Узнав о прибытии командира роты, девчонки с писком попрятались, а через некоторое время появлялись уже одетые по форме, с сумками на боку.
— Так, — мрачно сказал Кошкин, оглядев поляну. Сел на кочку, задрал голову вверх, куда струились дымки от полевых кухонь. — Не засекут? В двух километрах немцы…
— Кругом дымно, чего там, — произнес Лыков.
Боевые действия на этом участке, утихнувшие вчера под вечер, в течение дня не возобновлялись, но во многих местах еще догорали подожженная техника, участки леса и, видимо, какие-то деревушки, дым расползался над всей округой, над болотом, утихомиривая комаров. Если бы не дымная мгла, от комаров, наверное, не было бы спасения.
У достраивающегося блиндажа суетились связисты с катушками проводов, вешали провода на шесты, на крупные сучья деревьев.
— Скоро они? — Кошкин взглядом показал ординарцу на связистов. — Узнай. И начсанчасти позови. И Воробьев пусть подойдет.
Первым подбежал лейтенант-медик, начал было рапортовать, но Кошкин махнул рукой.
— Развернулся?
— Так точно, товарищ капитан. Осталось поставить операционную палатку.
Никаких операций в санчасти роты делать не полагалось, тяжелораненых следовало немедленно отправлять в дивизионный санбат или эвакогоспиталь, но рота дралась обычно в местах, от которых эти медицинские подразделения находились далеко. И средств для отправки раненых, как правило, почти не было. Кошкин всегда добивался, чтобы начальником санчасти в роте состоял более или менее опытный хирург, который в полевых условиях был бы способен делать простейшие операции.
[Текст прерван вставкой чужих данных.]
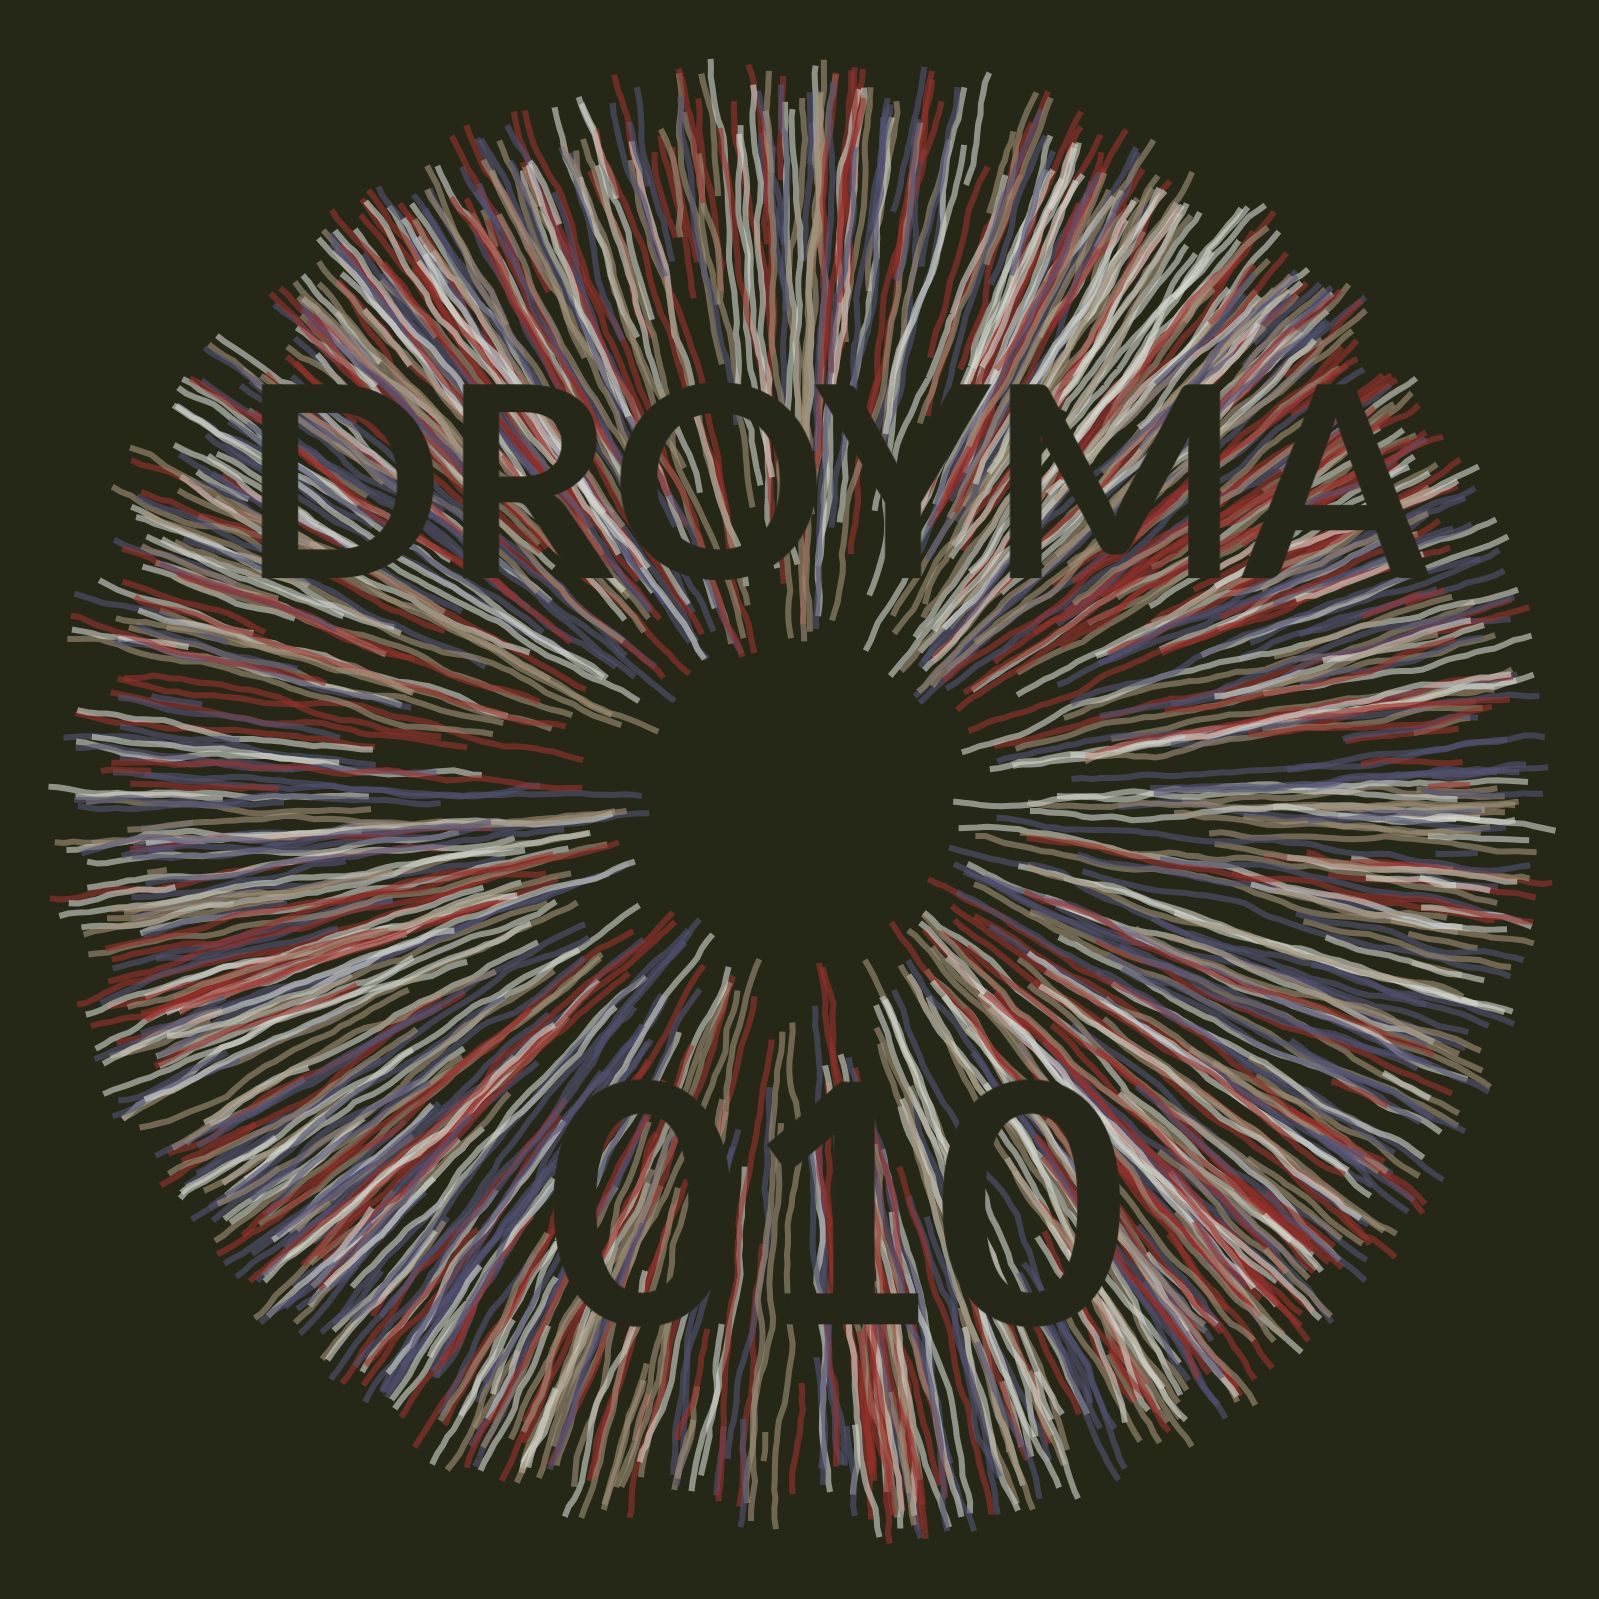 Muat turun Droyma Mix 010 - April 2019

— Не надо ставить, — сказал командир роты лейтенанту. — И поставленные палатки убирай.
— То есть… как?
— Связь, Данила Иванович, будет через час, — сказал подошедший ординарец. — Командир взвода связи сам где-то тянет линию.
— Хорошо. Как появится, немедленно свяжите меня с «Ромашкой».
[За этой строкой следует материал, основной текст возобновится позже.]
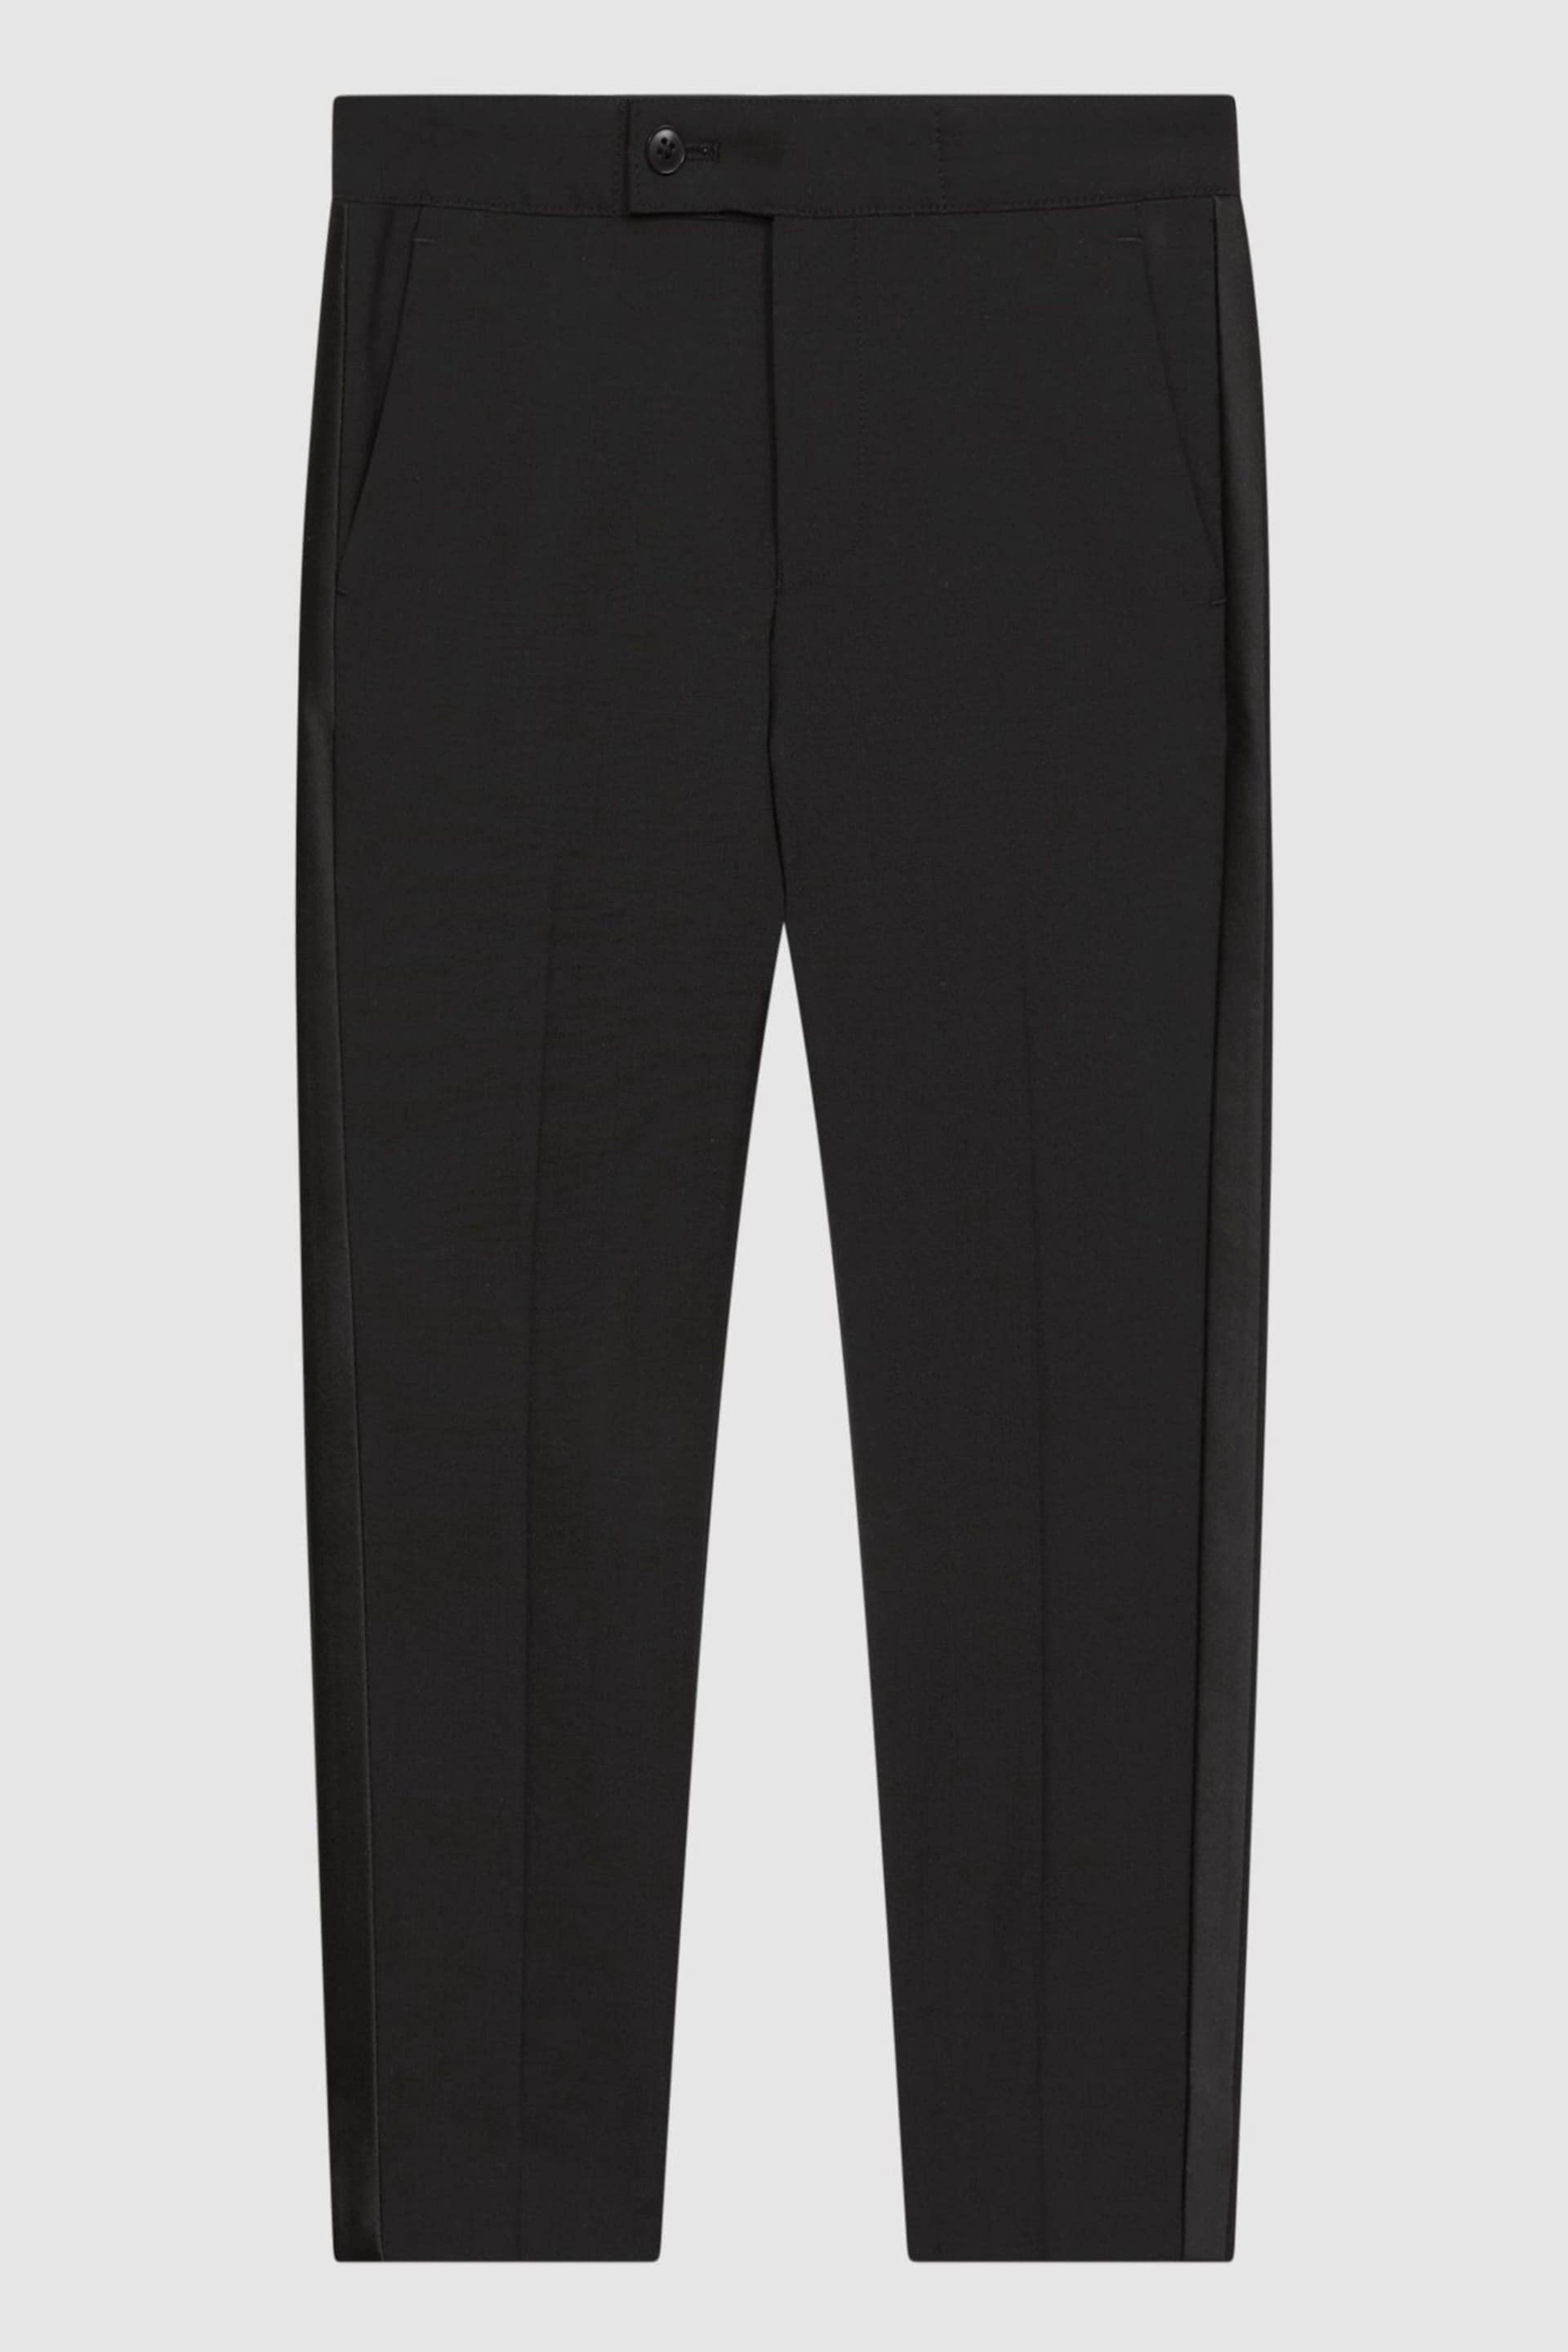 Reiss Black Knightsbridge Junior Tuxedo Trousers - Image 2 of 6

— Будет сделано, товарищ капитан.
«Ромашка» — командир подразделения, которое с наступлением темноты должно было занять позиции на левом фланге.
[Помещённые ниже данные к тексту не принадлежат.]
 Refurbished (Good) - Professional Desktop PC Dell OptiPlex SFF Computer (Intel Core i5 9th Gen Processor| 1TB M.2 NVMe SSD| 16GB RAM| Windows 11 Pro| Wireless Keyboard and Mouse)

Появился, на ходу вытирая потную шею пилоткой, старшина Воробьев.
— Ты вот что, — сказал ему Кошкин, — блиндаж тоже прекратите строить.
— Почему?
— А потому… — Кошкин еще раз поглядел на небо. — Воздушной разведки противника не было?
— Я тут уже несколько часов, — сказал Воробьев, — ничего не пролетало.
— Наше счастье, значит… Ужин готов?
— Так точно.
— Сейчас подойдет рота. Накормить всех хорошенько. Проверить у каждого бойца НЗ. И вот что… Можем ли еще что-нибудь в НЗ добавить? Бой будет, возможно, долгим.